Certainly! Let's solve the given mathematical expression step-by-step.
Given the expression for [tex]\( y \)[/tex]:
[tex]\[ y = \frac{2}{(3 - 2x)^2} \][/tex]
1. Expression Overview:
- We have [tex]\( y \)[/tex] as a function of [tex]\( x \)[/tex].
- The denominator is [tex]\((3 - 2x)^2\)[/tex], a squared term.
2. Analyzing the Function:
- The expression is a rational function where the numerator is [tex]\( 2 \)[/tex] and the denominator is [tex]\( (3 - 2x)^2 \)[/tex].

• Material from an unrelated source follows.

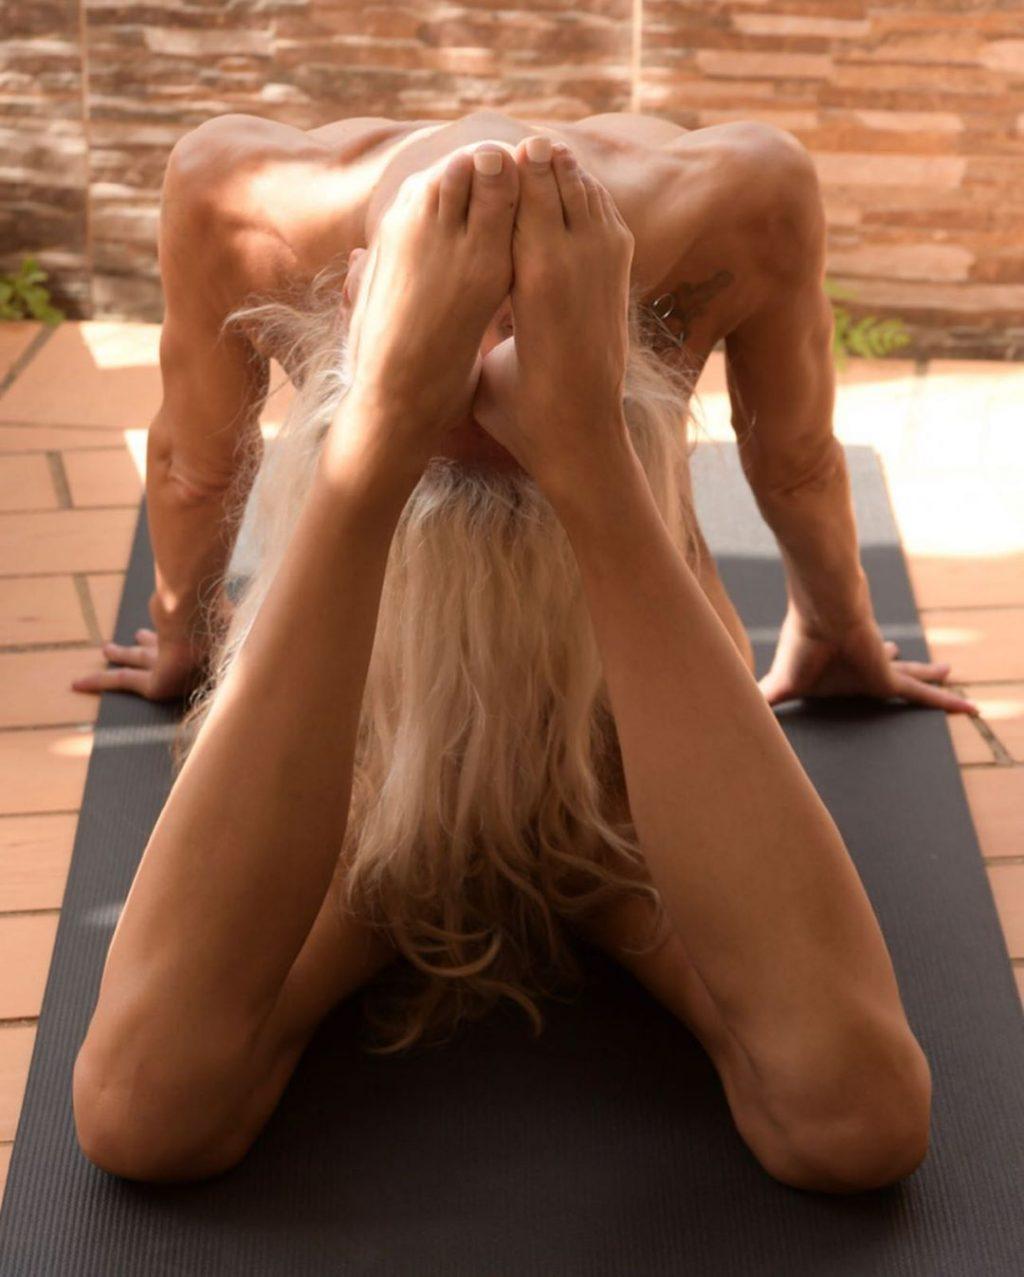 Yoga Flocke Nude & Sexy 036

3. Simplifying the Denominator:
- The denominator [tex]\( (3 - 2x)^2 \)[/tex] expands to [tex]\( (3 - 2x)(3 - 2x) \)[/tex], but we keep it in the squared form for simplicity in this context.
4. Final Expression:
- The numerator remains as [tex]\( 2 \)[/tex].
- The denominator remains as [tex]\( (3 - 2x)^2 \)[/tex].
So, consolidating everything, the expression for [tex]\( y \)[/tex] is:
[tex]\[ y = \frac{2}{(3 - 2x)^2} \][/tex]
This is the detailed breakdown of the given expression.